Diarmuid Duggan, dietitian
Senior dietitian at the Bon Secours Hospital in Cork, Ireland, focusing on medical and surgical oncology and bariatric surgery
Thank you so much to WCRF for their tireless and essential work. It’s on a global scale, but it helps individuals like me support my patients through their cancer journey.
My work involves helping people and their loved ones through their cancer and/or weight management journeys.
I see people with cancer from all walks of life, who may be really struggling with their diagnosis and can be full of worry about their future. Often they’ve been searching online and coming up with so much conflicting information about what they should or shouldn’t be doing to aid their recovery and reduce future cancer risk, and this uncertainty only adds to their anxiety.
The best information we have
This is where World Cancer Research Fund (WCRF) steps in. WCRF’s Cancer Prevention Recommendations are the best researched information that we have in the world at the moment. They are a very powerful ally to have at my disposal when I'm trying to present the best, evidence-based advice to my patients and their loved ones. It really reassures them when I explain the huge body of work that the WCRF has done on our behalf – such as their most recent, global cancer prevention report, the strength of the evidence and how WCRF’s Recommendations stem from that.
Indeed, one of the reassuring aspects of WCRF’s latest report, and its Cancer Prevention Recommendations, is that it tends to focus on promoting a healthy diet as a whole rather than on individual foods or food parts. This is easier to understand and more easily achievable in the long term.

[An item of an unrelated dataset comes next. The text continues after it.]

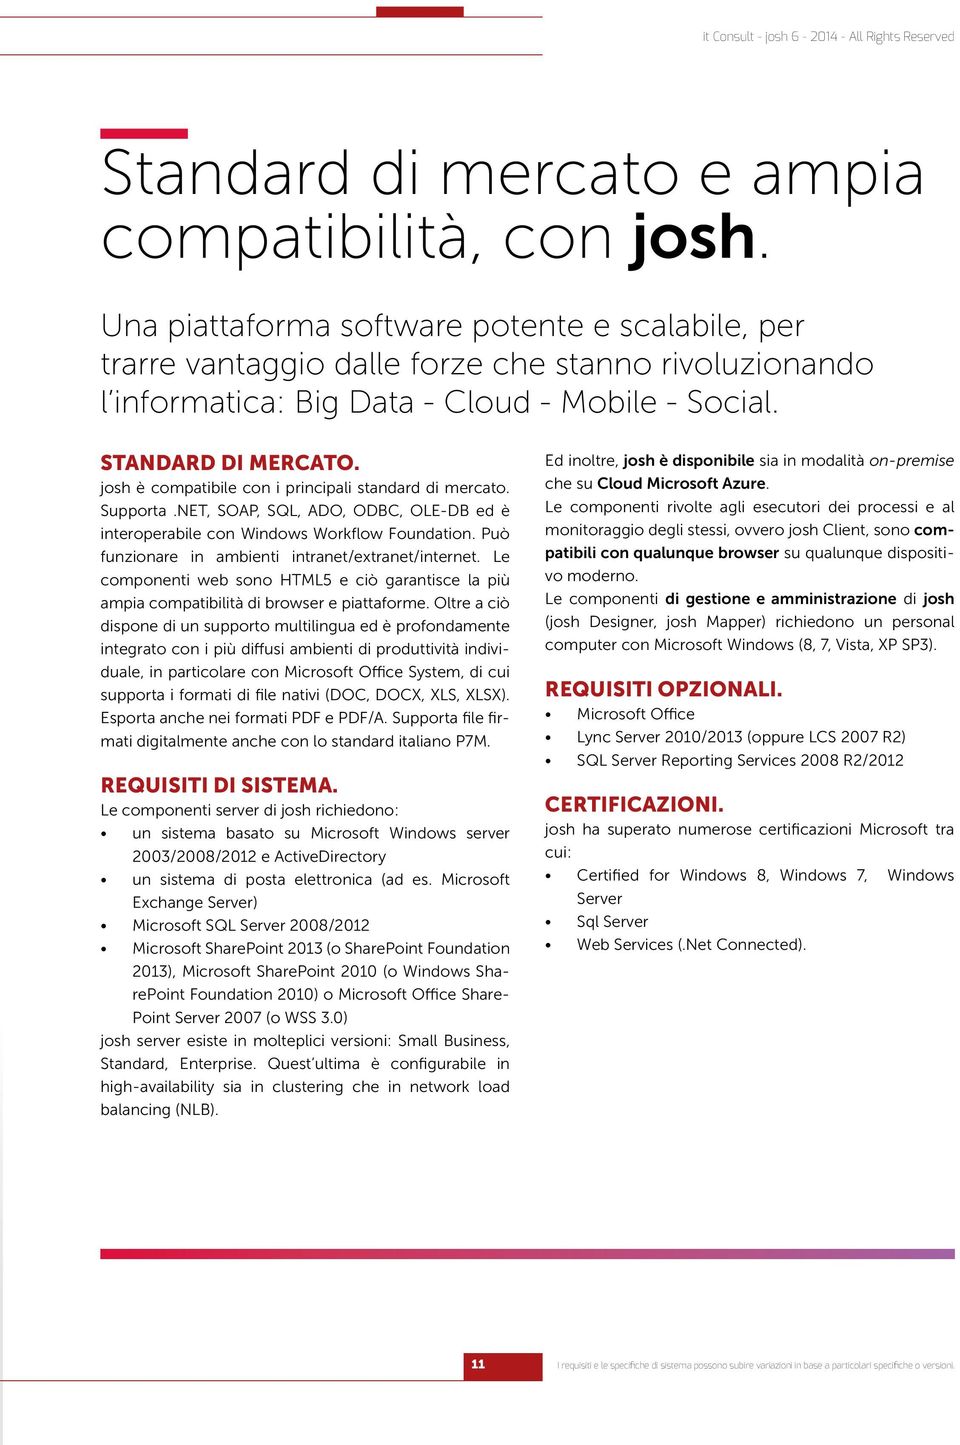 josh è compatibile con i principali standard di mercato. Supporta.NET, SOAP, SQL, ADO, ODBC, OLE-DB ed è interoperabile con Windows Workflow Foundation.

Facilitating the people I work with and their carers to make informed decisions about their own care can be very empowering. The next stage to my interventions can often be facilitating people to set their own personal goals for behaviour change. They may highlight the need for a change in eating habits, or activity patterns or managing stress. I’m always very mindful of the difficulty in changing our behaviours and that sustaining change can be even harder.
Small, positive changes
I tend to focus on making small changes that are positive. This could mean things like increasing how many plant foods (fruits, vegetables, pulses) people eat, in line with WCRF’s Recommendations, and gradually increasing physical activity that a person will enjoy. When I work with people in this way, I find that resources such as WCRF’s 5 simple steps to a healthier you and 10 ways to protect yourself against cancer booklets are really helpful. They are accessibly written, quite visual, and contain educational and motivational elements. They also contain motivational tools to help sustain increased physical activity, such as an activity diary. Exercise is medicine and this applies for people trying to prevent cancer, for people going through their cancer treatments and for people trying to recover from their cancer.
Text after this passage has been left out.